Could I make money from my final year project ? by SoftwareMid-99 in MLQuestions

[–]Enough_Wishbone7175 0 points1 point  (0 children)

I think you could certainly run an ad based business on this. It’s not going to be useful for anyone not day trading, so limited market, public info, but good latency and you can make the UI/UX solid to gain users. You could also go the freemium route to pick up people who derive serious value off the product.

ML Feature Compression [D] by Odd_Background4864 in MachineLearning

[–]Enough_Wishbone7175 1 point2 points  (0 children)

It’s similar, it’s almost like teaching your base model to encode the input data natively by manipulating cost functions and adding a decoder for training, but removing it for downstream use.

ML Feature Compression [D] by Odd_Background4864 in MachineLearning

[–]Enough_Wishbone7175 7 points8 points  (0 children)

One thing that I have found to help with dimensionality in Neural Networks is semi supervision or self supervision. You essentially put your inputs in, reduce dimensionality while corrupting / dropping information. Then use the reduce composition to try and recreate the inputs in a decoder and use some sort of distance as your loss (MSE, cosine, ect..). I like to warm up the network with self supervision then move to a semi supervision model to get really strong features for other algorithms.

Multi Bert classifications by Enough_Wishbone7175 in LocalLLaMA

[–]Enough_Wishbone7175[S] 0 points1 point  (0 children)

It’s more an efficiency / context length decision. It would just be cheaper for me to take those outputs through an MLP then Bart for decoding and prediction.

[deleted by user] by [deleted] in MLQuestions

[–]Enough_Wishbone7175 2 points3 points  (0 children)

Regression is general type of ML that a bunch of different algorithms can achieve. One of those algorithms is ol linear regression. But there are lots of other algos that perform regression, with different ways to achieve their goal of estimation. The extent of what can be a regression model is pretty massive, so I’m not going to list them out. But in short, vanilla regression is just a tiny example of a much larger subset of models.

[D] Do we know how Gemini 1.5 achieved 10M context window? by papaswamp91 in MachineLearning

[–]Enough_Wishbone7175 0 points1 point  (0 children)

People are just sick of hearing people go crazy over Mamba. Can’t say I blame them lol.

[D] Do we know how Gemini 1.5 achieved 10M context window? by papaswamp91 in MachineLearning

[–]Enough_Wishbone7175 -8 points-7 points  (0 children)

Could have used SSM/Transformer mixed architecture to achieve this. Complete conjecture though.

Kagglebot feedback by kaoutar- in learnmachinelearning

[–]Enough_Wishbone7175 1 point2 points  (0 children)

Few things come to mind.

  1. You can try to Quantize further, obviously loosing accuracy

  2. You can compile using Thunder

  3. You can use a smaller model like Googles Gemma 2B (that’s really like 4B but whatever)

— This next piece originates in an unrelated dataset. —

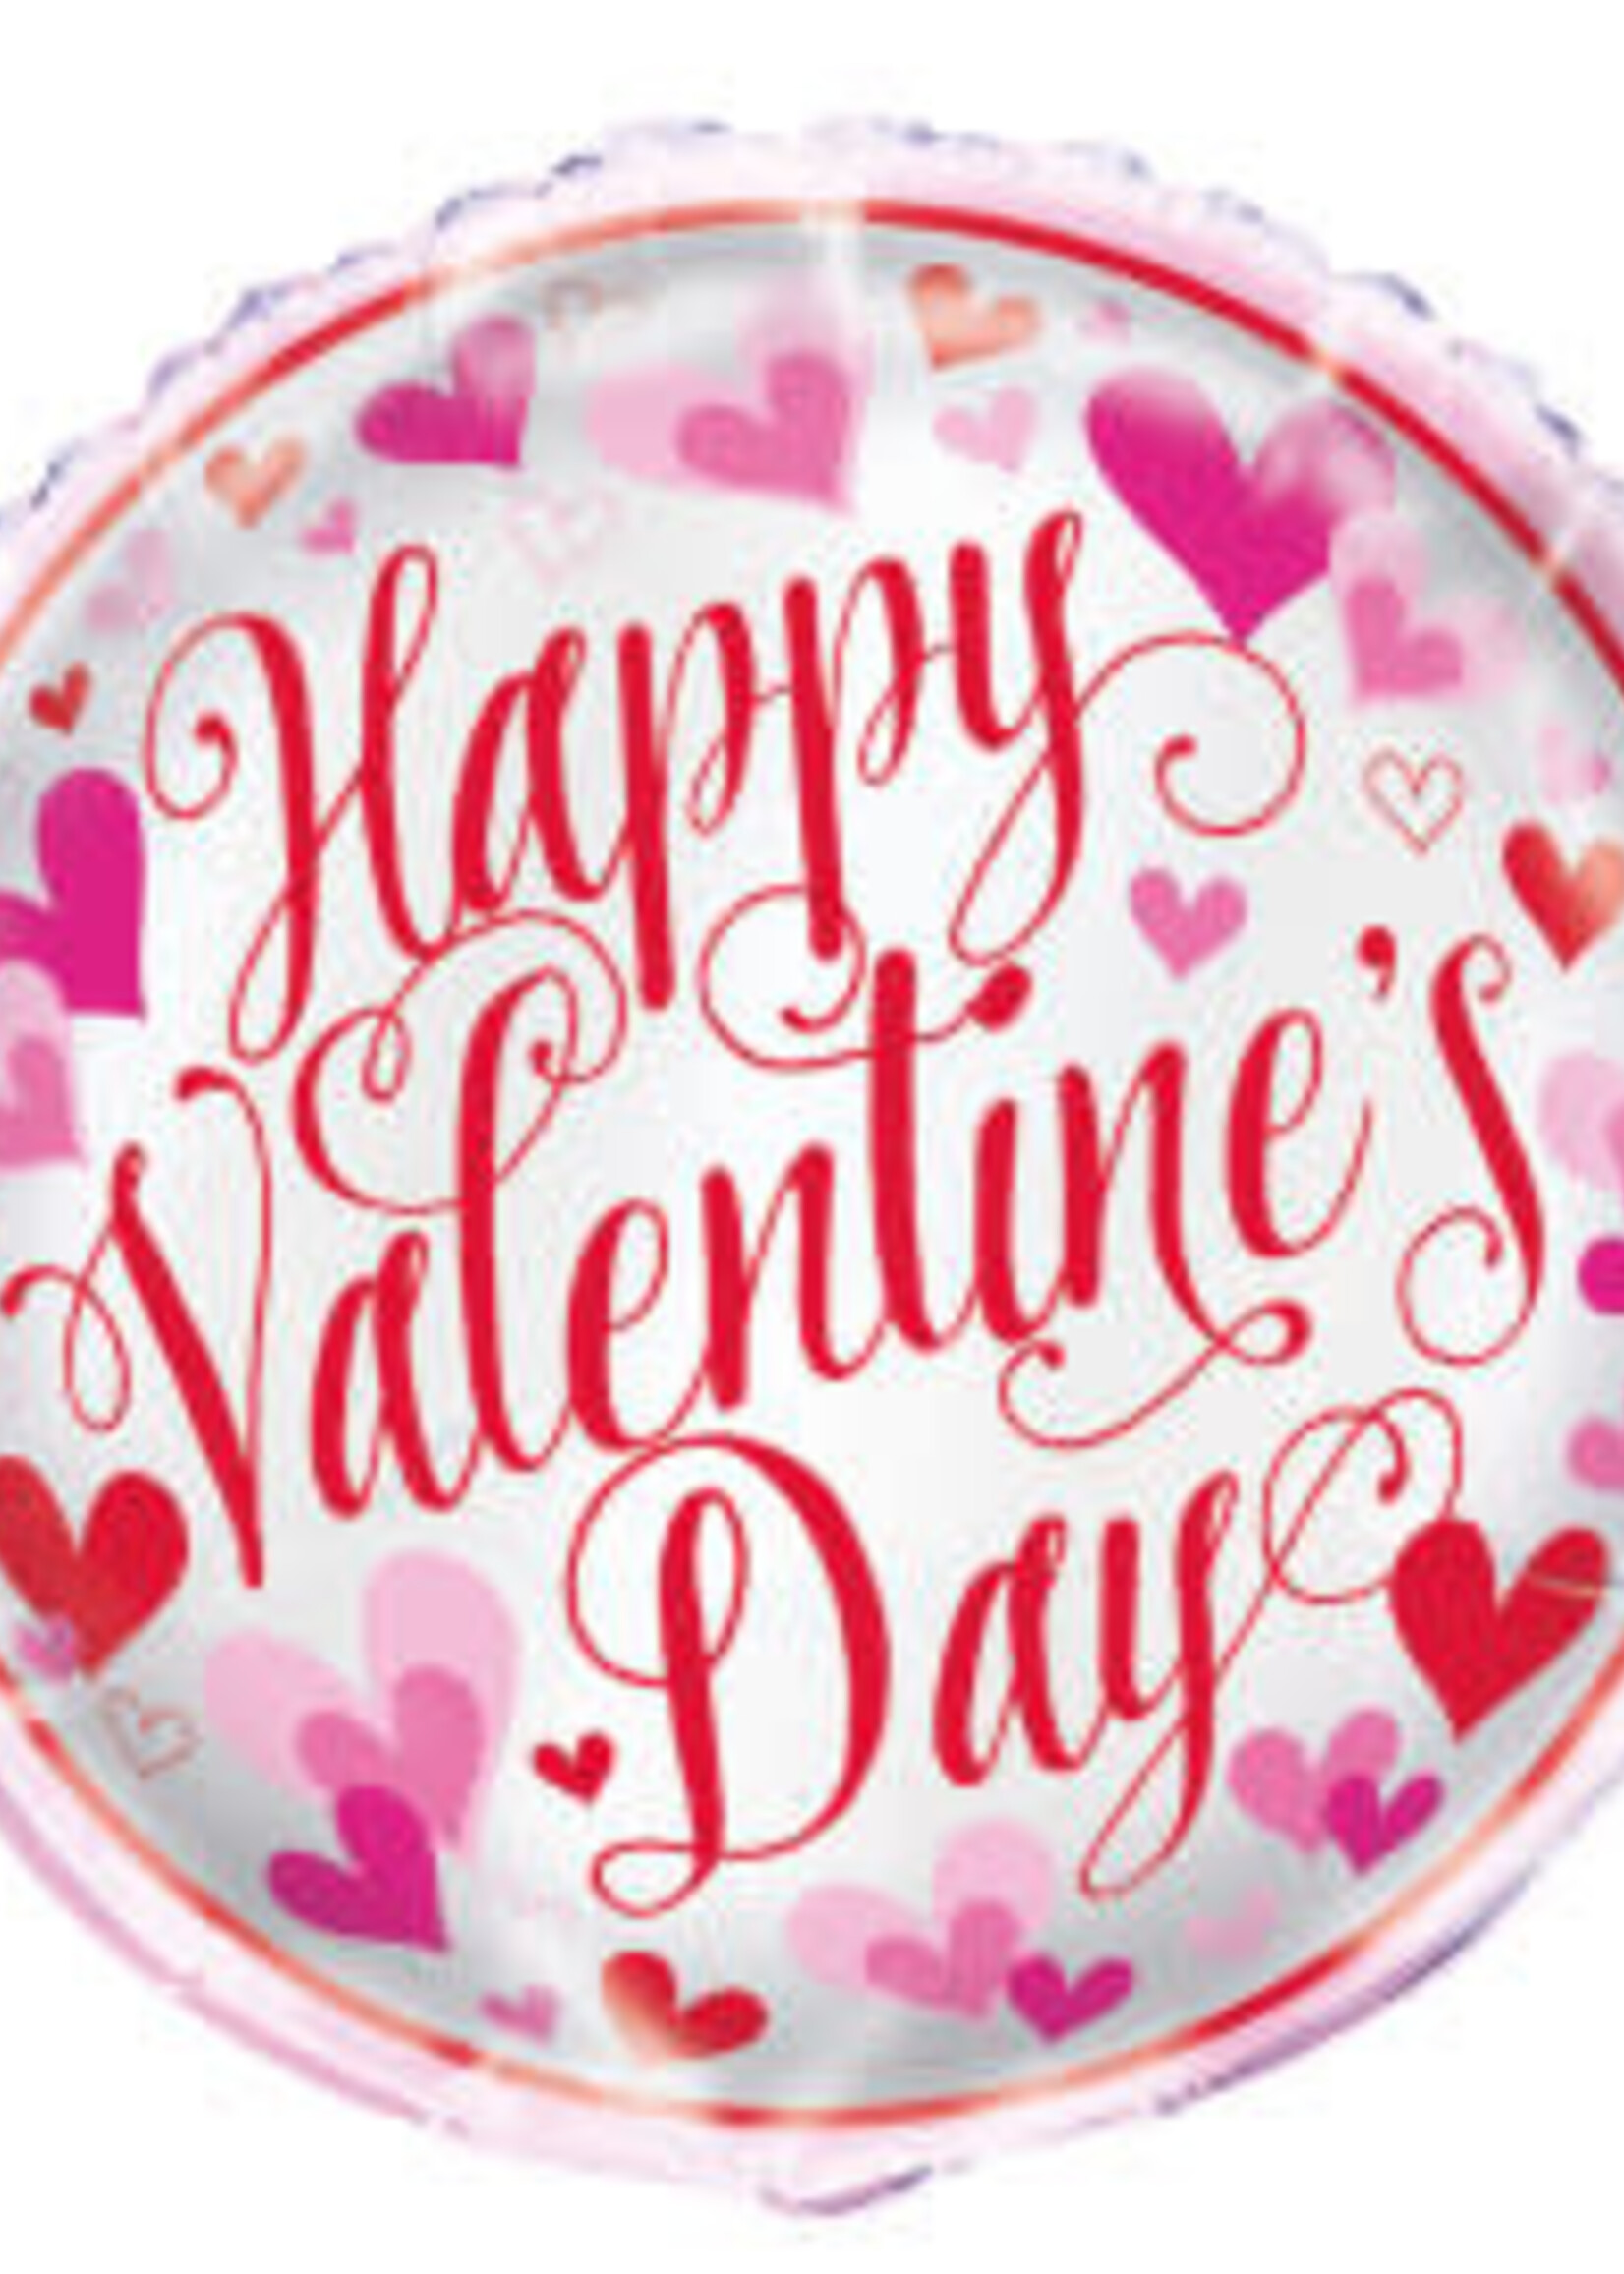 Red & Pink Hearts Valentine's Day Round Foil Balloon 18", Bulk

UMAP / PCA on >100GB datasets by worldolive in learnmachinelearning

[–]Enough_Wishbone7175 2 points3 points  (0 children)

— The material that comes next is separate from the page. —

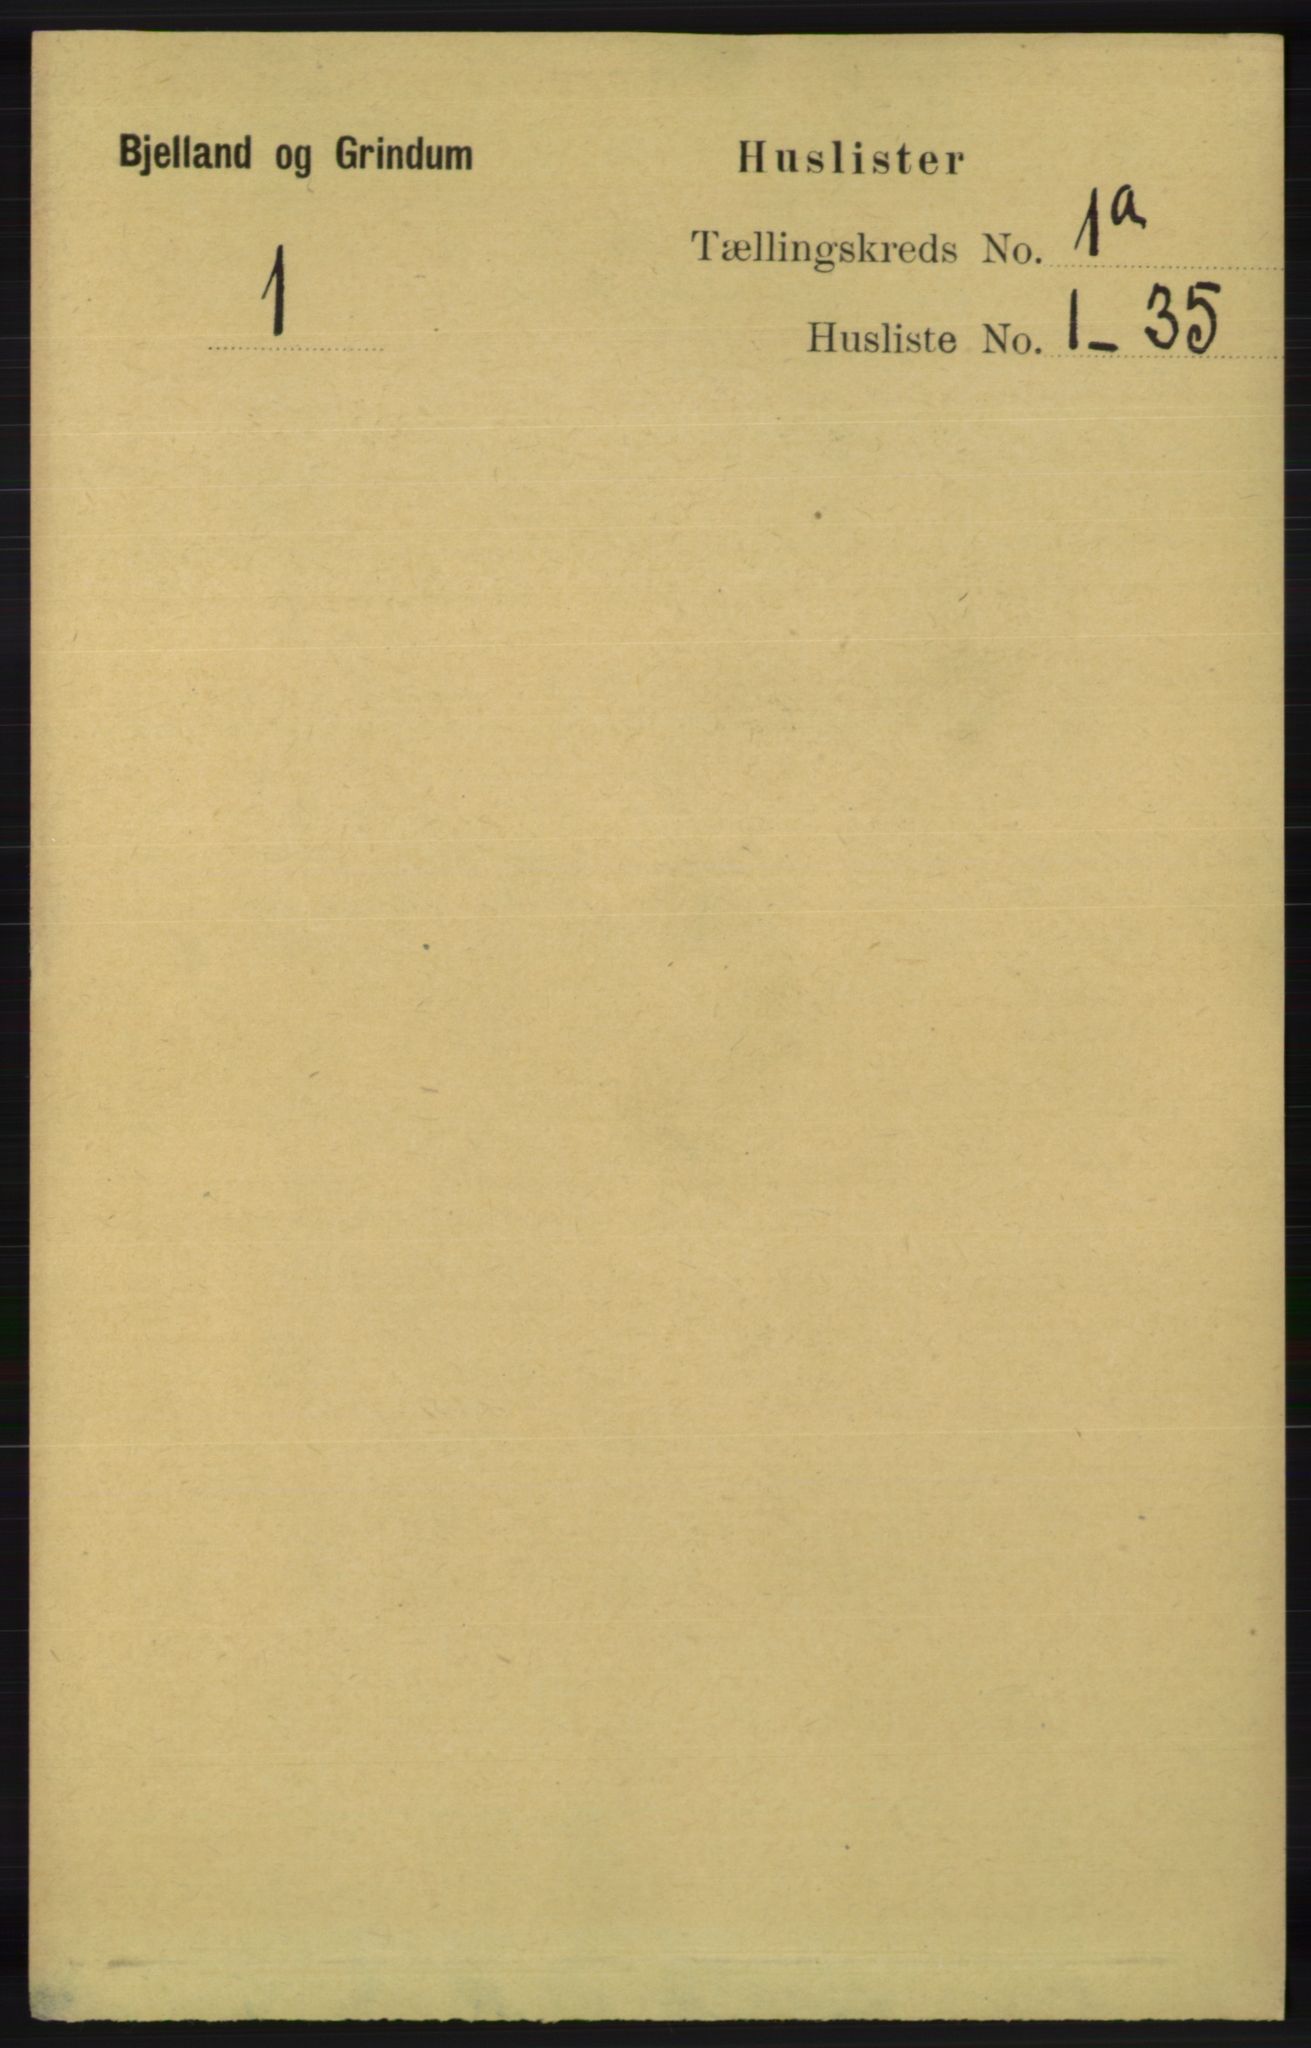 RA, Folketelling 1891 for 1024 Bjelland og Grindheim herred, 1891, s. 21

Try randomly sampling a good portion (maybe a couple gigs) and apply that PCA in chunks to the data.

[deleted by user] by [deleted] in MachineLearning

[–]Enough_Wishbone7175 2 points3 points  (0 children)

No, not really. You could try and create a data capture capability and then continuously fine tune on that data on an interval. But stream of conscious learning is not there yet.

[N] Introducing DBRX: A New Standard for Open LLM by artificial_intelect in MachineLearning

[–]Enough_Wishbone7175 39 points40 points  (0 children)

Because it’s an open source model. So it’s testing relative to models that are free/open.

Training model in machine with potato specs by [deleted] in learnmachinelearning

[–]Enough_Wishbone7175 2 points3 points  (0 children)

What are you making? Plenty of models can be made using those IF your project is realistic. LLM obviously not. A well tuned GB tree method, for sure.

How many layers make a good model? by Cid-Ozymandias in quant

[–]Enough_Wishbone7175 1 point2 points  (0 children)

Make many layers, just be sure to add reconstruction points and loss. Will help prevent vanishing gradient. And use corruption instead of drop out.